Granted, its first attempt at a pivotal phase 3 trial with Rintega failed to beat the standard of care in a deadly form of brain cancer. But what Wall Street bears have overlooked is that the company finished last year with nearly $290 million in cash and marketable securities -- and another candidate in a pivotal trial for triple-negative breast cancer.
That indication is so named because three common targets for existing breast cancer therapies aren't present on the surface of these patients' tumors. What is commonly found on the surface of these patients tumors' is a protein called gpNMB. Celdex's "new" lead candidate -- formerly known as CDX-011 and recently given the horribly long name of glembatumumab vedotin -- is a protein that binds to gpNMB.
Once invited inside tumor cells identified by gpNMB, glembatumumab vedotin introduces tumor cells to its "little friend" monomethyl auristatin E, a chemo drug between 100 times and 1,000 times more toxic than commonly used chemo drug Doxil.
About 1 in 8 U.S. women will develop invasive breast cancer over the course of their lifetime, and between 10% and 15% of all breast cancers are of the triple-negative variety. These women have few options once the disease reaches its later stages. This gives glembatumumab vedotin blockbuster potential in this indication (i.e., triple-negative breast cancer with high gpNMB expression) alone.
Breast cancer tumors aren't the only sort that over-express gpNMB, which is why Celldex is sponsoring exploratory trials in skin and lung cancer, too. The National Cancer Institute's willingness to sponsor glembatumumab vedotin trials for rare bone and eyeball cancers is also encouraging.
Add glembatumumab vedotin's potential to enhance Celldex's current assets, and the company's $421 million market cap seems insanely low. Factor in a few more of Celldex's clinical-stage candidates, and it's clear as day that the bears are wrong about this healthcare stock.
Over two-thirds of Lannett Company's (NYSE:LCI) market valuation has been wiped out over the last 12 months. Many thought the generic-drug maker bit off more than it could chew with its acquisition of Kremers Urban Pharmaceuticals. A downward revision by Lannett of its fiscal 2016 earnings outlook, combined with the departure of a key executive, didn't help. But I think the continued pessimism about Lannett overlooks the potential for this beaten-down stock.
First, I think it's way too soon to write off Lannett's chances of successfully integrating Kremers into its operations. The company already announced restructuring plans that should allow it to net around $40 million in savings in the first year after the acquisition closed. That's a great start to achieving the full synergies expected from the deal.
The tougher challenge, though, is replacing the $87 million in revenue from the unnamed customer that left Kremers just before the Lannett acquisition was finalized. Lannett management has previously stated that over 30% of that lost revenue has been replaced.
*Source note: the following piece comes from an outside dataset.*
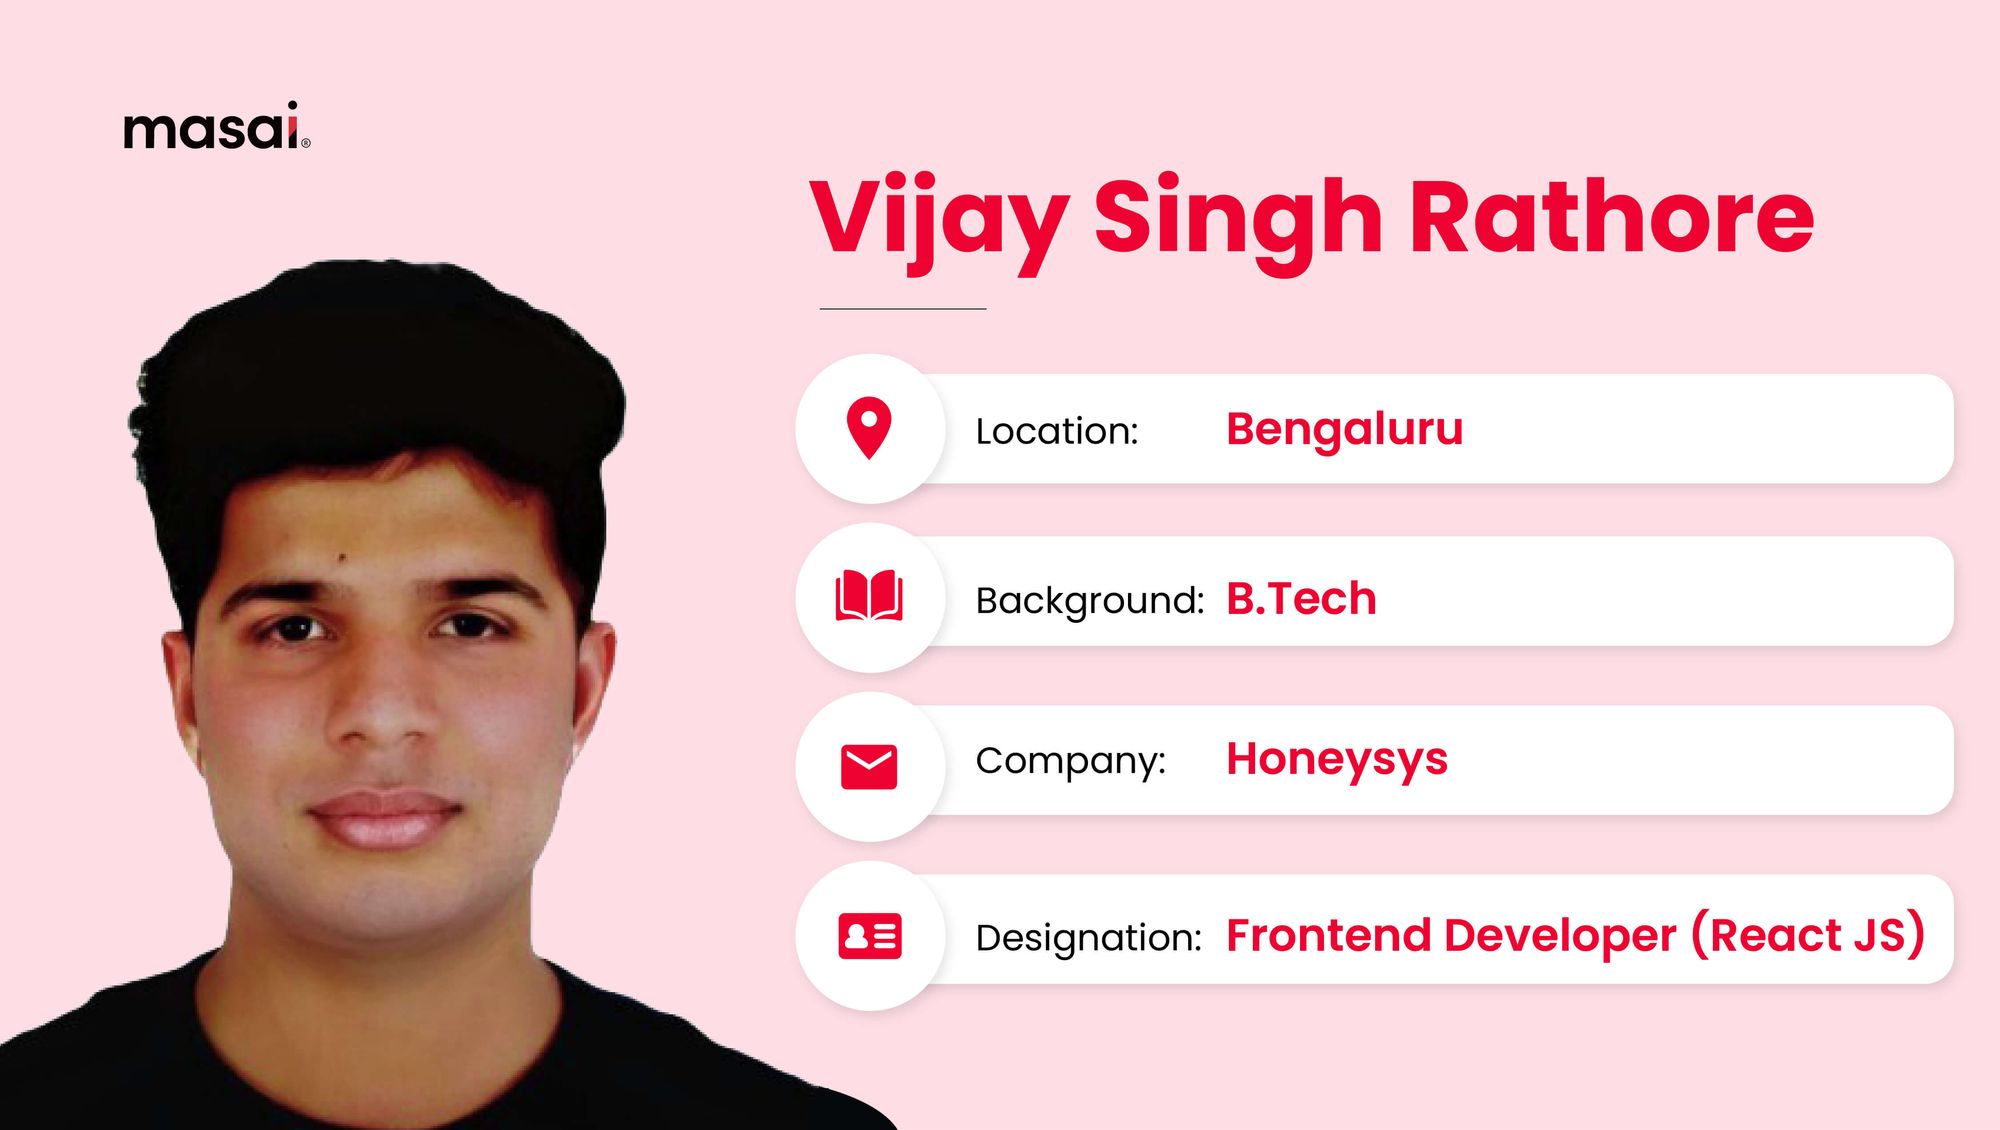 Vijay Singh - A Masai graduate now working as Frontend developer at Honeysys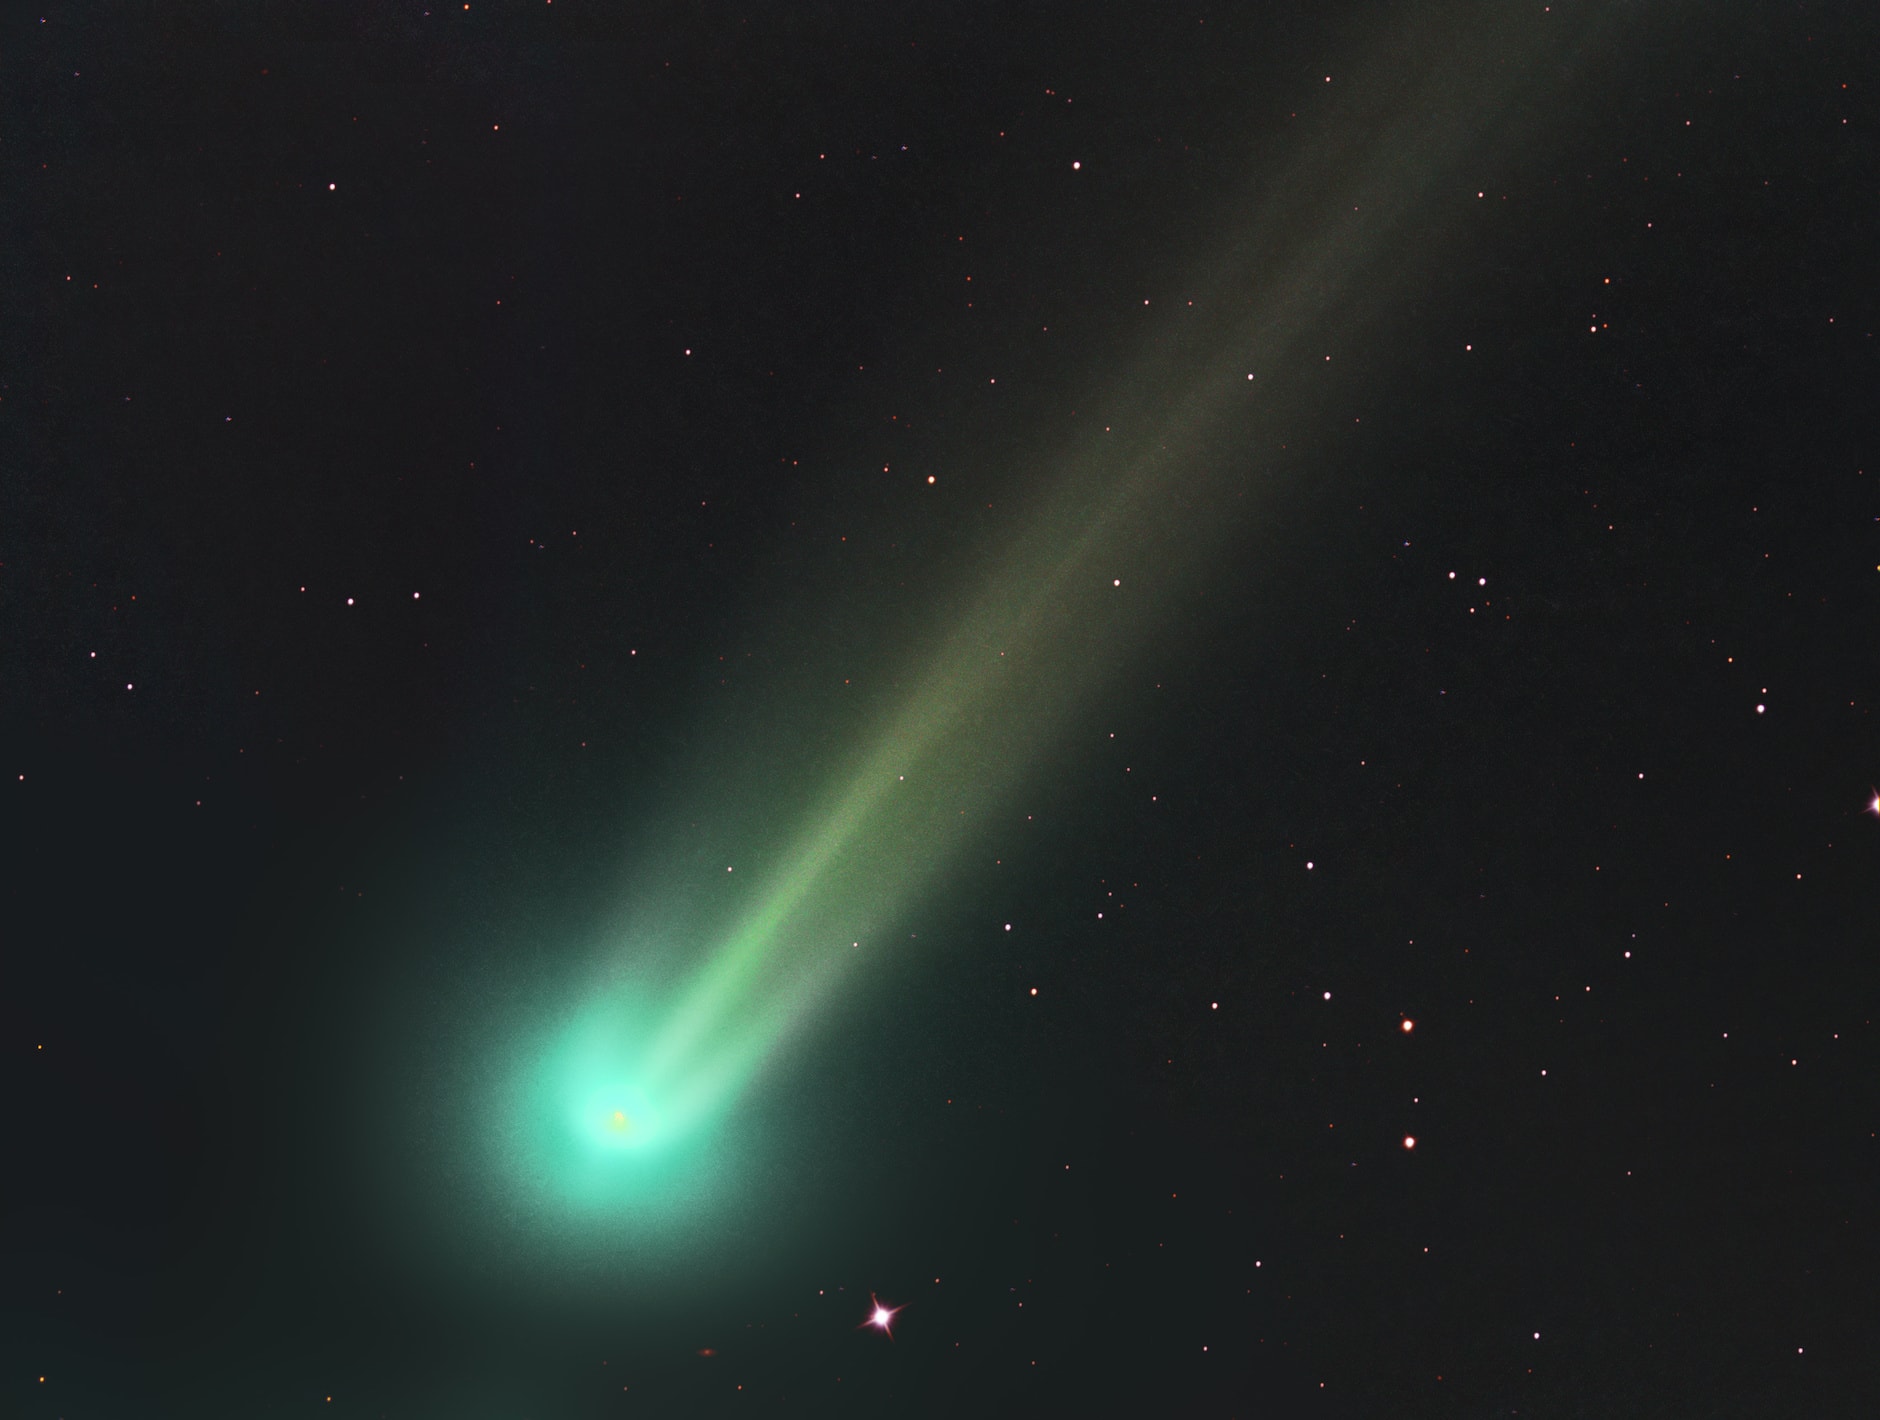 Comet lovejoy streaking through the night sky

The company is also talking with the big customer about restoring the relationship. Those are also good starts to rebuilding investors' confidence.
What about that lowered earnings outlook? I think it's a temporary issue. Lannett's reduced earnings forecast owed partly to delayed product launches. Those launches will move forward -- but just a little later than originally planned.
Lannett is currently trading at a bargain-basement valuation of a little over 10 times earnings. That price reflects a downright gloomy opinion about the company's future prospects. In reality, those prospects aren't that bad. It might take some time to recover from the negative events of the past year, but I think Lannett will be a winner over the long run.